### Instructions to follow
Your answer must be a word-for-word copy of the listing below, minus its pictures.

### The data
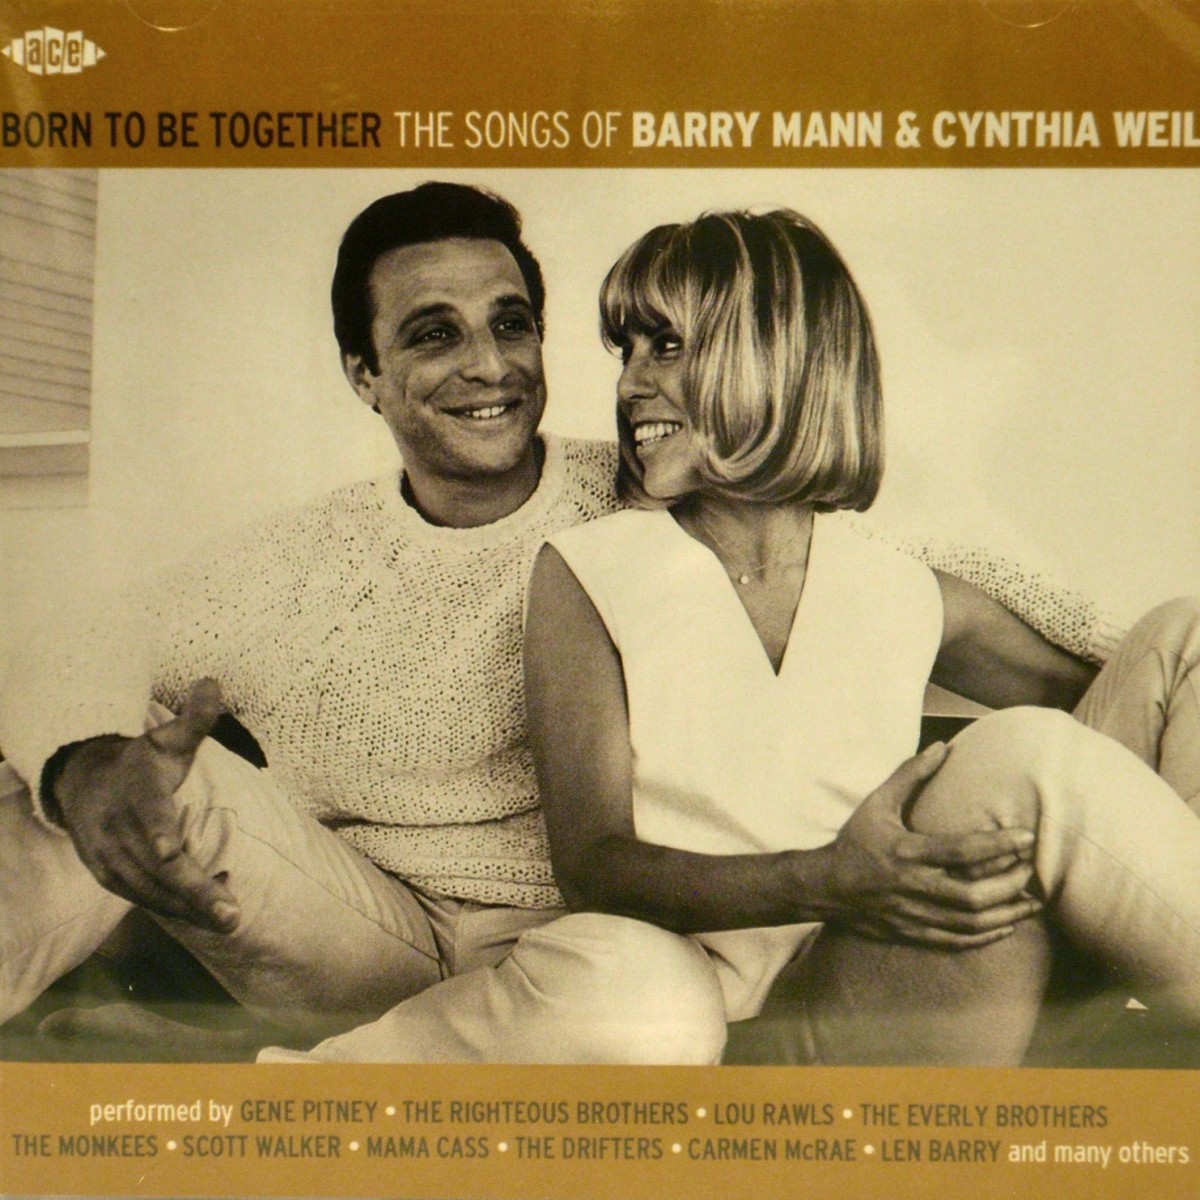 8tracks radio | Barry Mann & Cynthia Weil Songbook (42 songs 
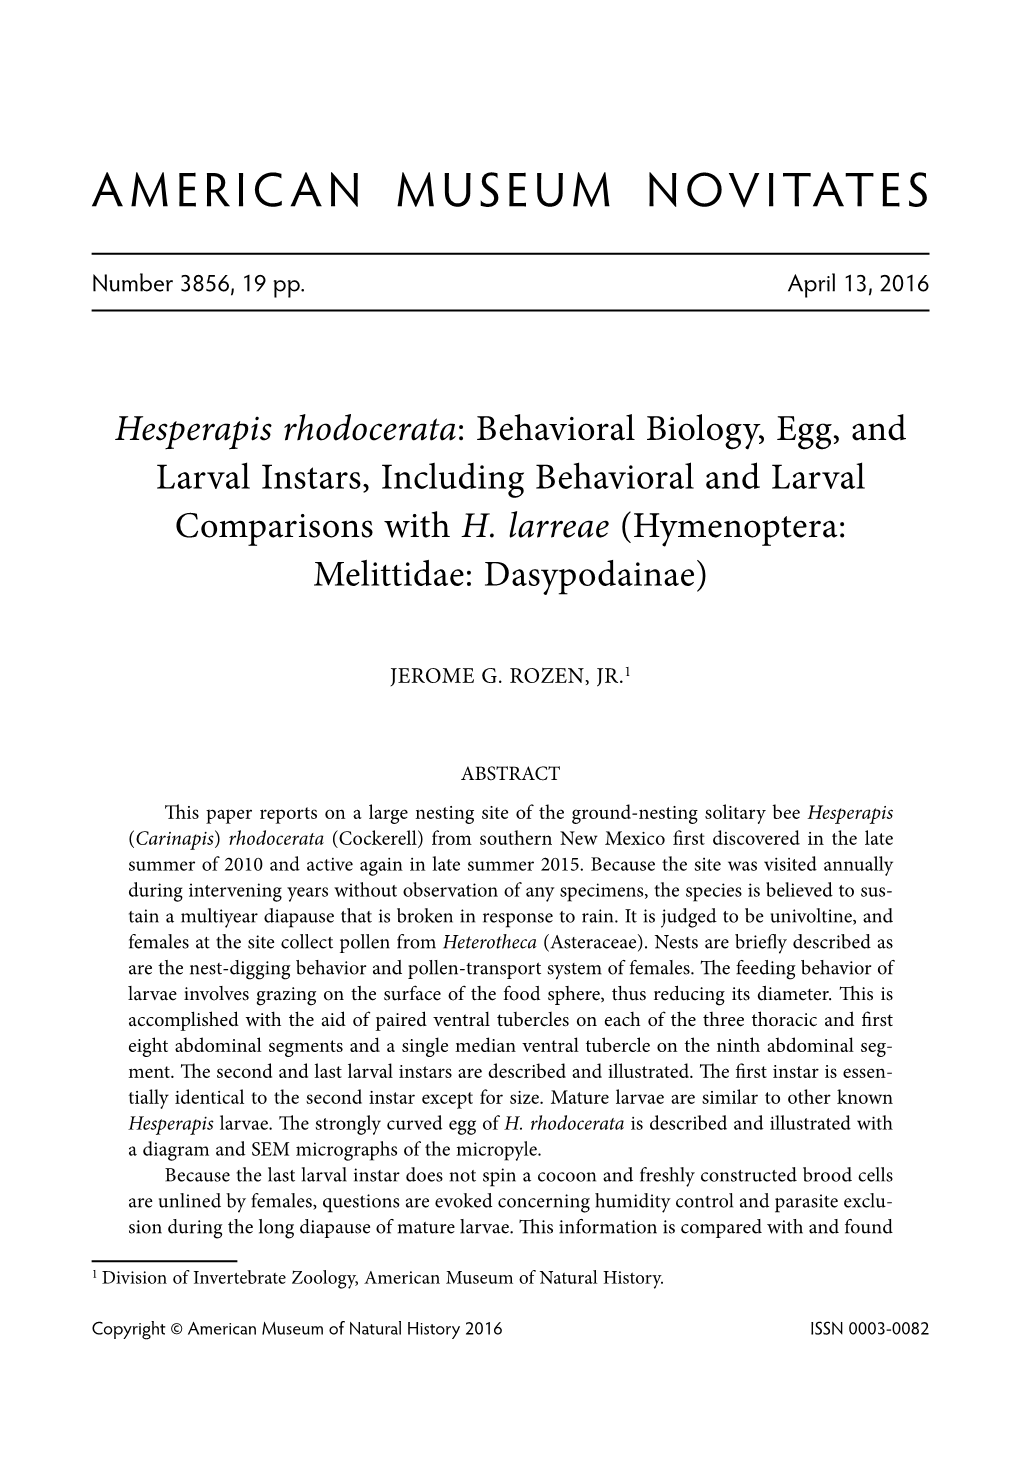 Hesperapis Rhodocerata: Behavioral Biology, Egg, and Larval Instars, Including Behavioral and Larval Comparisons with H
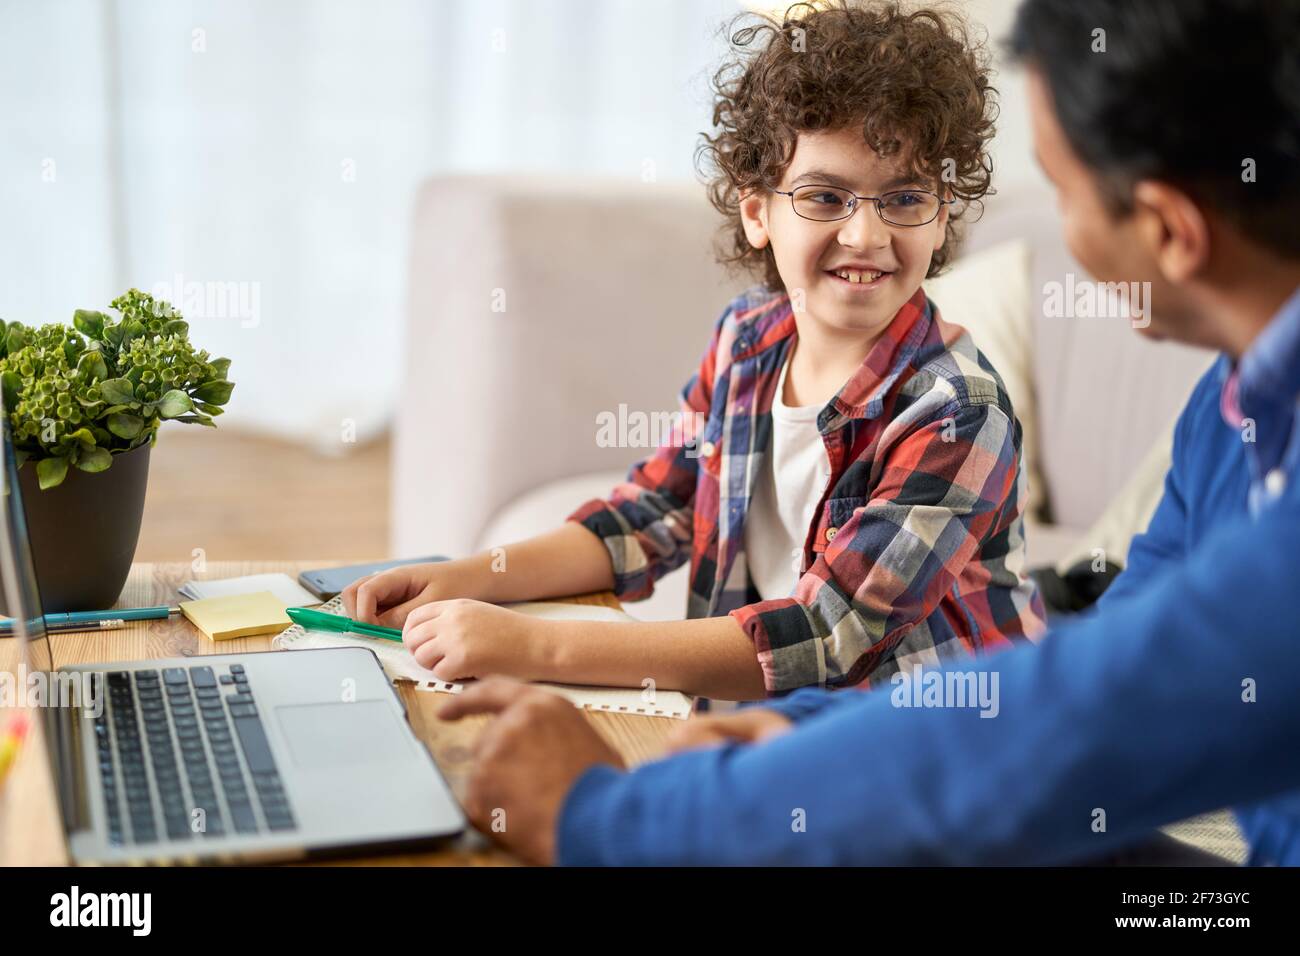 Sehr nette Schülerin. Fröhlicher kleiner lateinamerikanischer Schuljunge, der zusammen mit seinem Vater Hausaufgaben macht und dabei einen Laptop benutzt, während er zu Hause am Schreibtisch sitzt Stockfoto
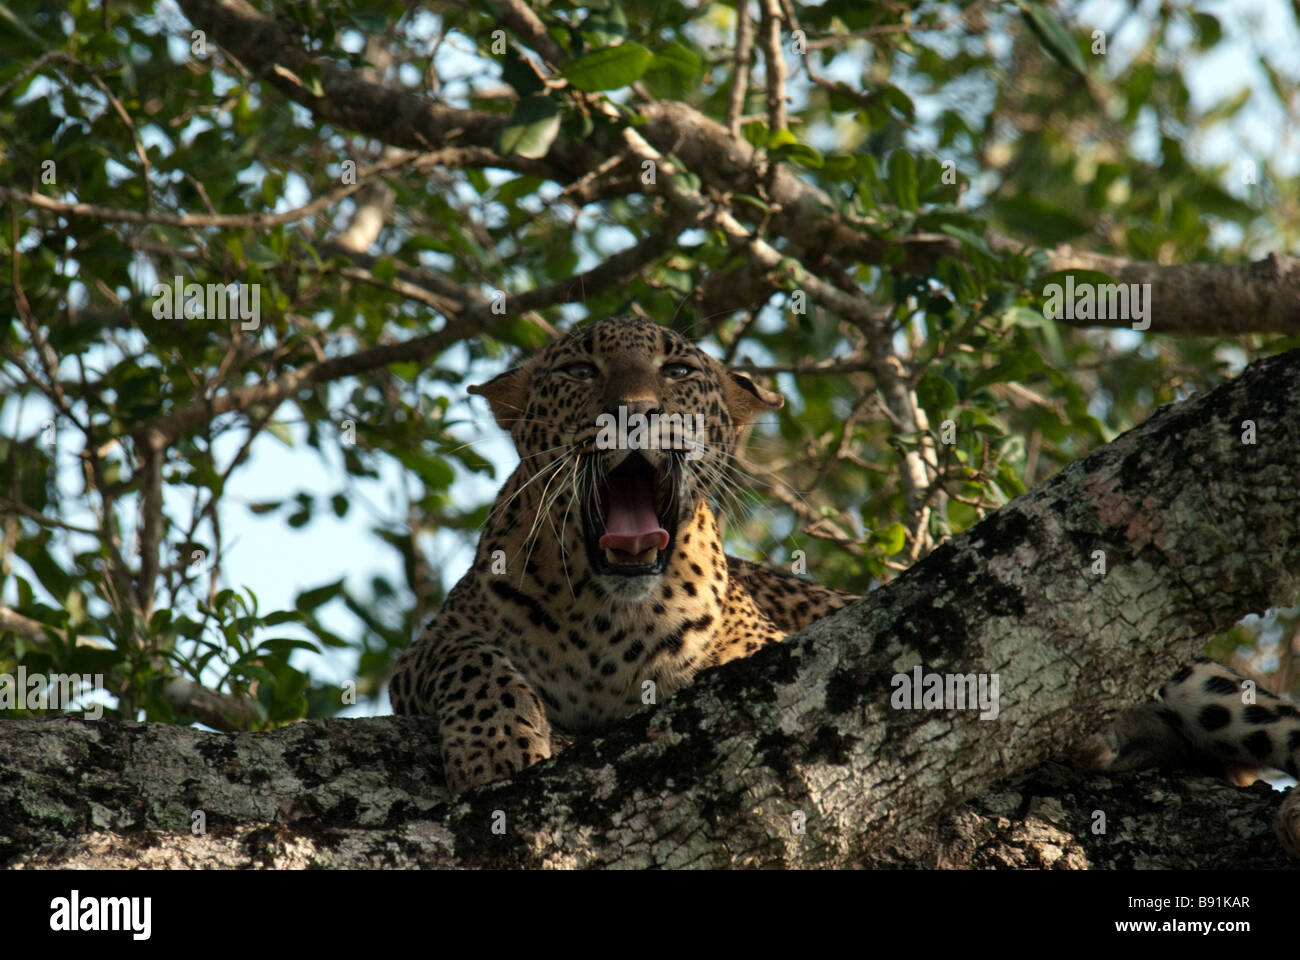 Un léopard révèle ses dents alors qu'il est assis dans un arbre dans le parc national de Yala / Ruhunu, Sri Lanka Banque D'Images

### Task response
 8tracks radio | Barry Mann & Cynthia Weil Songbook (42 songs 
 Hesperapis Rhodocerata: Behavioral Biology, Egg, and Larval Instars, Including Behavioral and Larval Comparisons with H
 Sehr nette Schülerin. Fröhlicher kleiner lateinamerikanischer Schuljunge, der zusammen mit seinem Vater Hausaufgaben macht und dabei einen Laptop benutzt, während er zu Hause am Schreibtisch sitzt Stockfoto
 Un léopard révèle ses dents alors qu'il est assis dans un arbre dans le parc national de Yala / Ruhunu, Sri Lanka Banque D'Images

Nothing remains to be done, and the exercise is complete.